Das HCG-Hormon entsteht im Körper von schwangeren Frauen. Es unterstützt das Einnisten des Embryos in der Gebärmutter. Ärzte behandeln damit auch Frauen, die sich ein Kind wünschen.
Das Hormon wird aber auch Übergewichtigen zum Abnehmen gespritzt – selbst Männern. Dazu kommt eine radikale Diät mit lediglich 500 Kilokalorien pro Tag. Solche Kuren bietet zum Beispiel der St. Galler Schönheitschirurg Nikolaus Linde an. Er verspricht, die Hormonspritzen würden «resistente Fettdepots» abbauen, die man weder mit Sport noch durch übliche Diäten wegbringe. Dieser Prozess sei vergleichbar mit einer Schwangerschaft, behauptet Linde. Zudem lasse das Hormon das Hungergefühl verschwinden und es wirke euphorisierend.
Auch Kosmetikstudios und Fitnesscenter wie «Bodywell» in Gümligen BE und das Schlankheitsinstitut «Slim Forever» in Zürich bieten die vier- bis sechswöchige Kur an. Der Preis beträgt 1000 bis 1800 Franken.
Fachleute raten davon ab. Der Präventivmediziner David Fäh von der Berner Fachhochschule sagt: «Es gibt keine wissenschaftlichen Beweise für die Werbeversprechen.» Eine Übersichtsstudie im «British Journal of Clinical Pharmacology» zeigte zwar, dass man mit der Diät drei bis neun Kilo abnehmen kann. Die Hormonspritzen hätten dabei aber keinen Nutzen, schreiben die Forscher. Man nehme nur wegen der Kalorienreduktion ab.
Kommt dazu: Das Schwangerschaftshormon ist nicht für Diätkuren zugelassen. Deshalb hat die Gesundheitsdirektion des Kantons Zürich Ärzte vorgeladen, die für die HCG-Diät werben. «Wir haben sie darauf hingewiesen, dass eine solche Anwendung nicht gestattet ist.»
Mangelerscheinungen drohen
David Fäh sagt, eine so starke Kalorienreduktion könne zu Essstörungen führen. Bettina Isenschmid, Spezialistin für Übergewicht und Chefärztin am Spital Zofingen AG, warnt vor Nährstoffmängeln. Sie könnten zu Muskel- und Skelettschäden, Nieren- und Leberproblemen sowie Fruchtbarkeitsstörungen führen. Die Hormone können laut Isenschmid Nebenwirkungen verursachen, wie Kopfschmerzen, Erschöpfung, Depressionen und Thrombosen.
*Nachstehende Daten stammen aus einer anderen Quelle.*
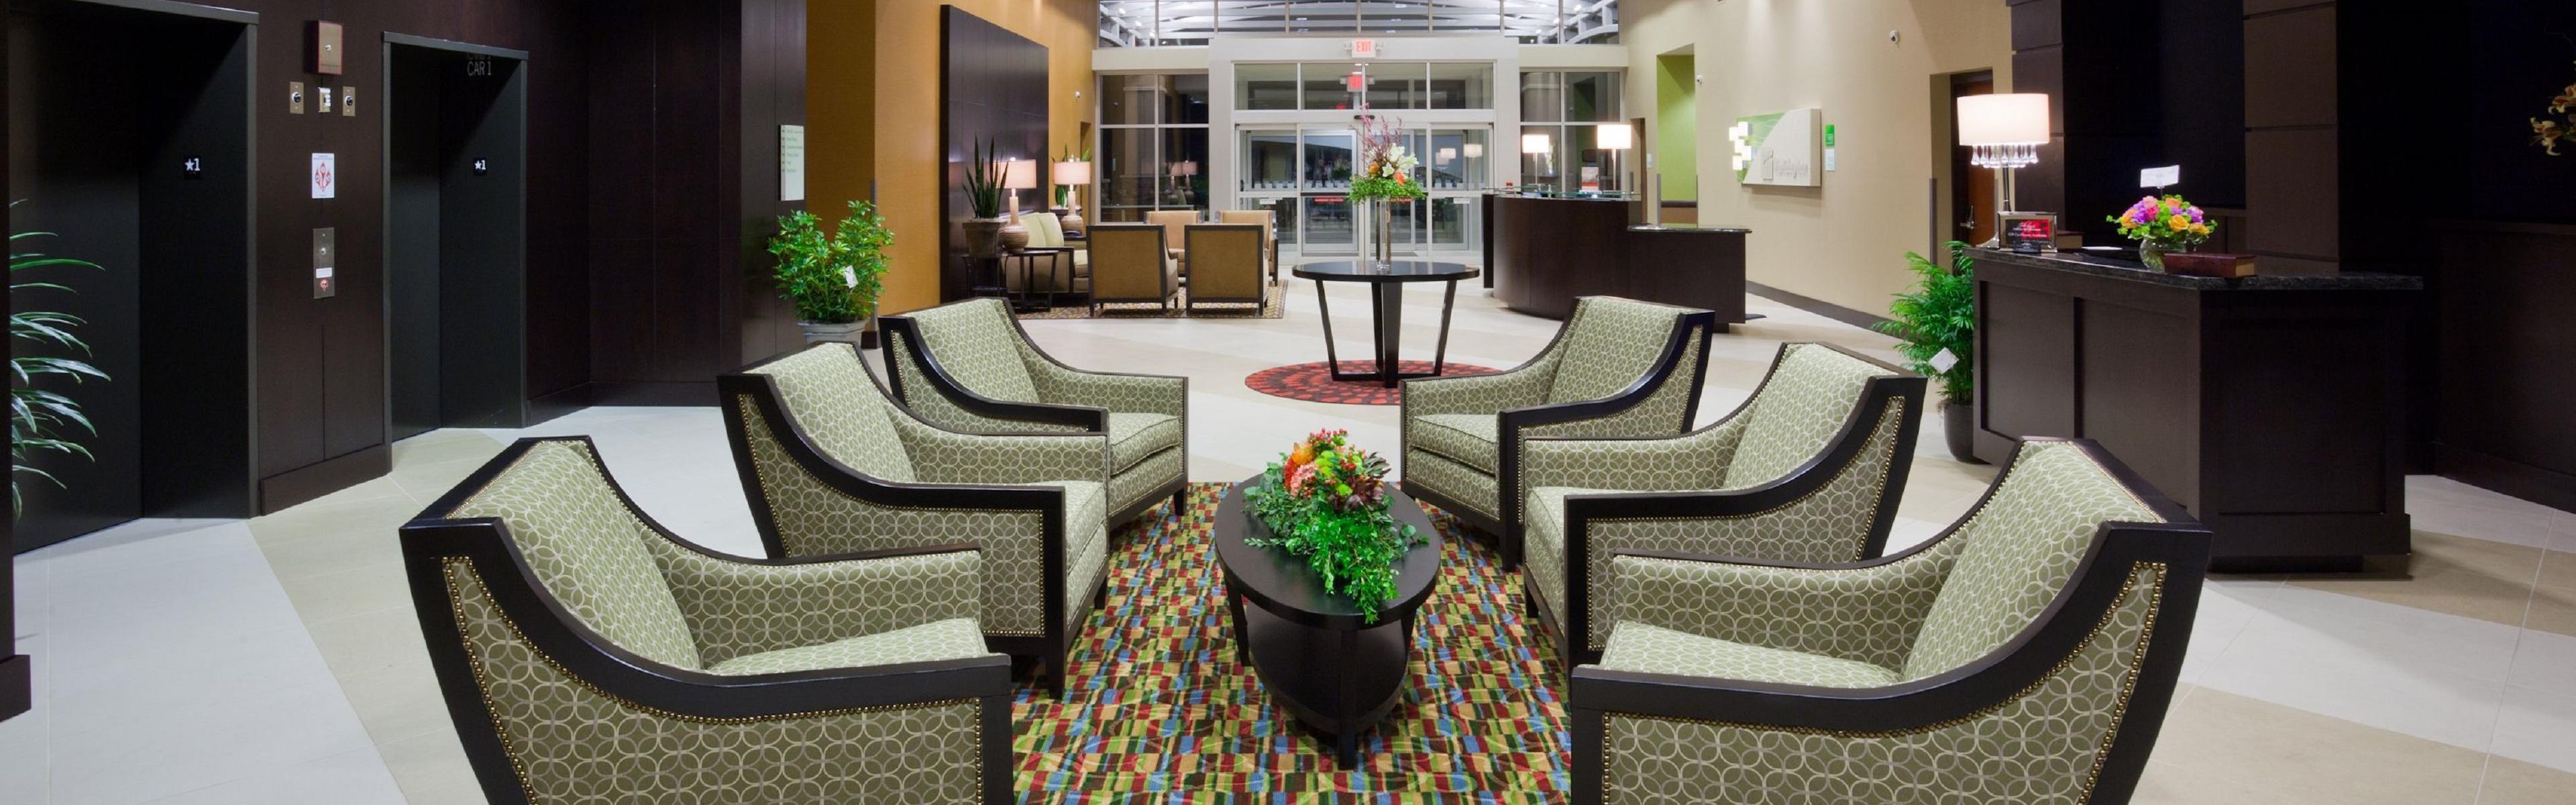 Hotel Lobby Area Holiday Inn Eau Claire South ...

Statt der teuren Rosskur empfiehlt die deutsche Ernährungsexpertin Lioba Hofmann, die Kalorien weniger stark zu reduzieren. Sie rät, pro Tag rund 1500 Kalorien zu essen. Das könne man langfristig durchhalten. Und man könne damit Mangelerscheinungen vermeiden. «Genügend Bewegung gehört unbedingt dazu», sagt Hofmann.
Nikolaus Linde entgegnet, er wende die HCG-Diät nur «in ganz ausgewählten Fällen» an. Dominika Rathgeb, Inhaberin von «Slim Forever», sagt, sie verabreiche ihren Kundinnen die Hormone nicht mit Spritzen, sondern als Ampullen zum Trinken. Bei ihren Kunden habe sie keinen starken Muskelverlust gemessen. «Bodywell»-Inhaber Martin Leuenberger sagt, er verwende statt Spritzen homöopathische Globuli. Sie hätten keine Nebenwirkungen. Um Nährstoffmängel zu vermeiden, empfehle er seinen Kunden, pro Tag ungefähr 800 Kalorien zu essen. Seine Kunden könnten ihr Gewicht nach der Diät mit einer gesunden Lebensweise halten.